According to the U.S. government's National Cancer institute, the survival rate over 5 years for those with localized cancer, that is cancer that has not spread from where it originated, is at 98 percent. If the cancer has spread to nearby lymph nodes (glands near the neck, armpits and groin that filter and transport certain fluids), the survival rate for the five years is at 83.6 percent. Once the cancer has spread throughout the body to larger sections of tissue or vital origins, the survivability rate declines to 23.4 percent. It can be assumed that most of the people who make up these statistics were receiving treatment, so life expectancy will be lower for those who are not.

Race factor

Race seems to play a role in the survivability of breast cancer. According to the National Cancer Institute, the five year survivability was 90.2 percent for white women and 77.5 percent for black women. Of course, the vast majority of women in both groups were receiving treatment.

A Small Study

A study by Drs. Peter A.S. Johnstone and Marilyn S. Norton, and Robert H. Riffenburgh, PhD., of 250 untreated breast cancer patients found that the median survival time was 2.7 years.

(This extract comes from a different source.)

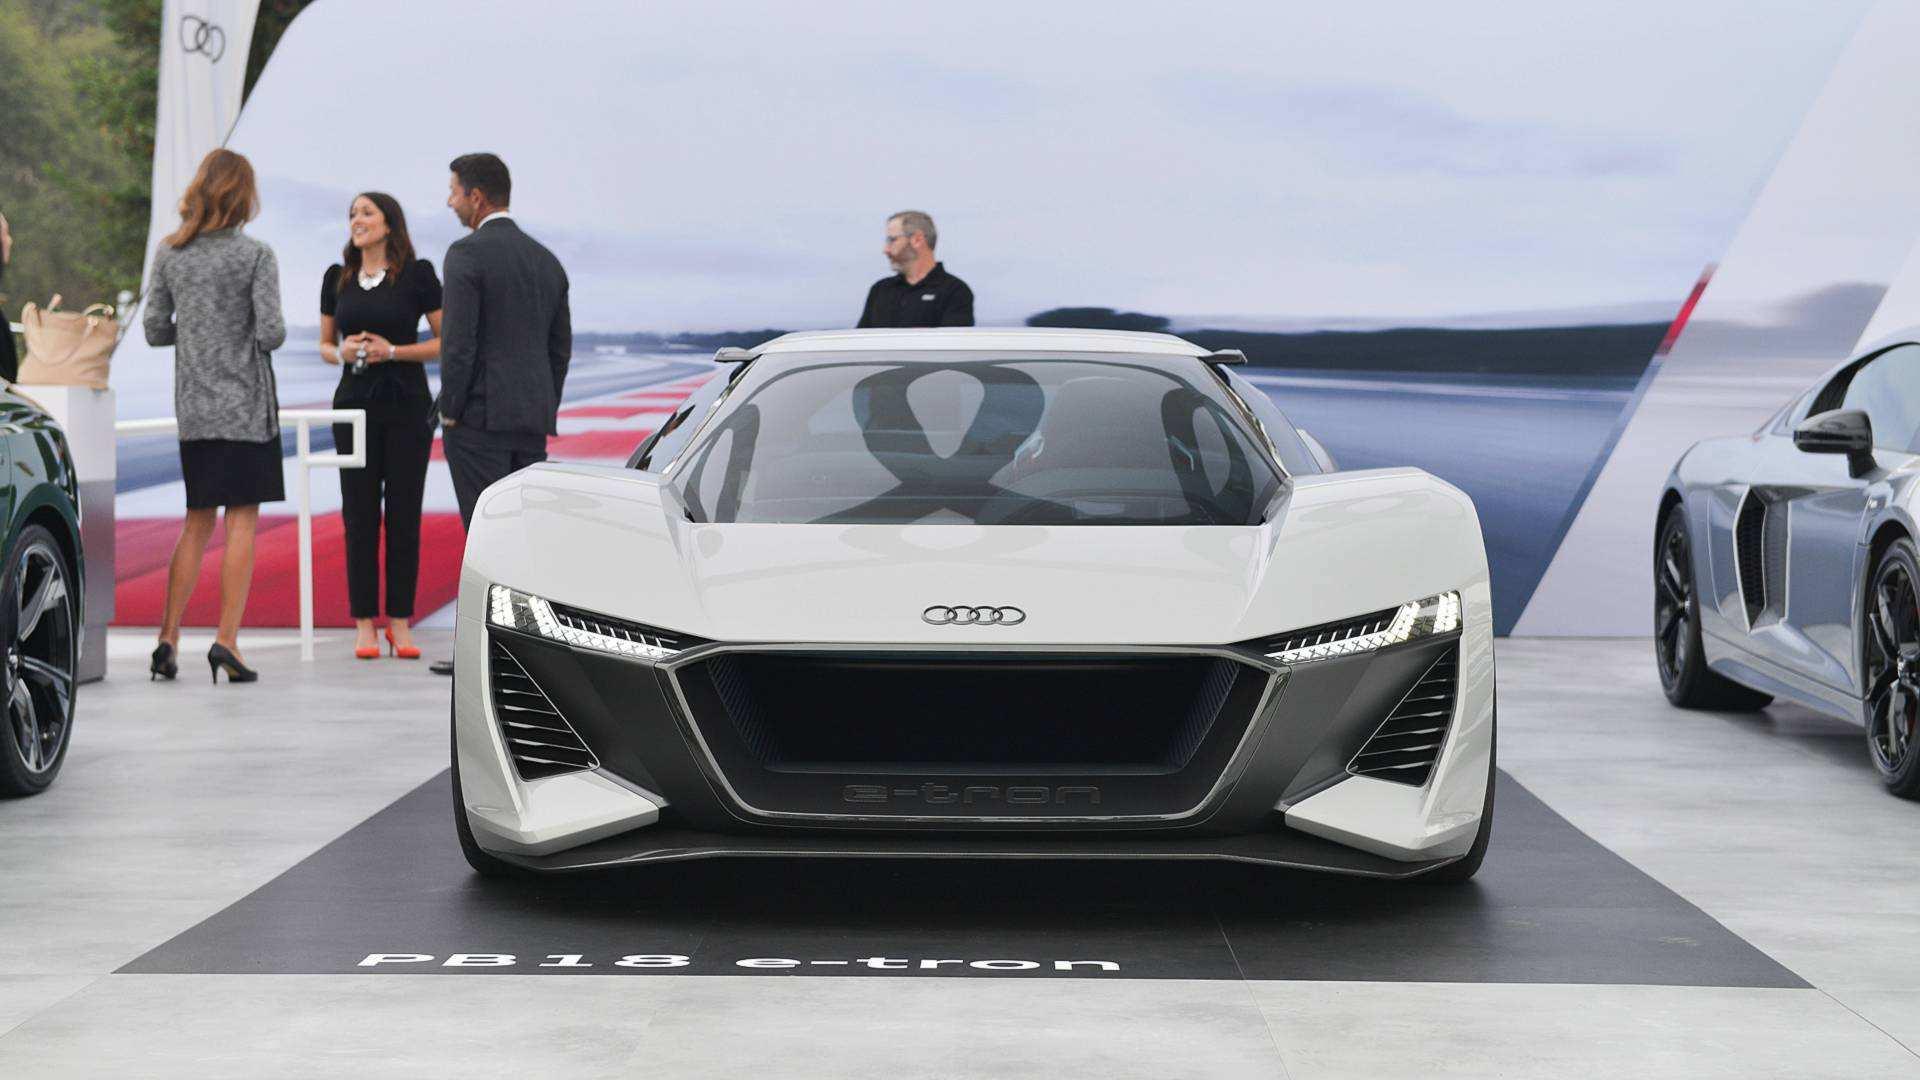 18 New Audi E Tron 2020 Performance for Audi E Tron 2020

They also studied the data on 1,022 untreated patients in other studies, and found a median survival time of 2.3 years.

Regressions are rare

In a few rare cases, women suffering from advanced breast cancer have experienced regressions. According to a CNN report, there are only 32 documented cases of this phenomenon.When speaking of cancer, regression means the size of a tumor has gotten smaller or that the amount of cancer in the body is reduced. This does not change the fact that people with a cancer diagnosis are still advised to seek treatment.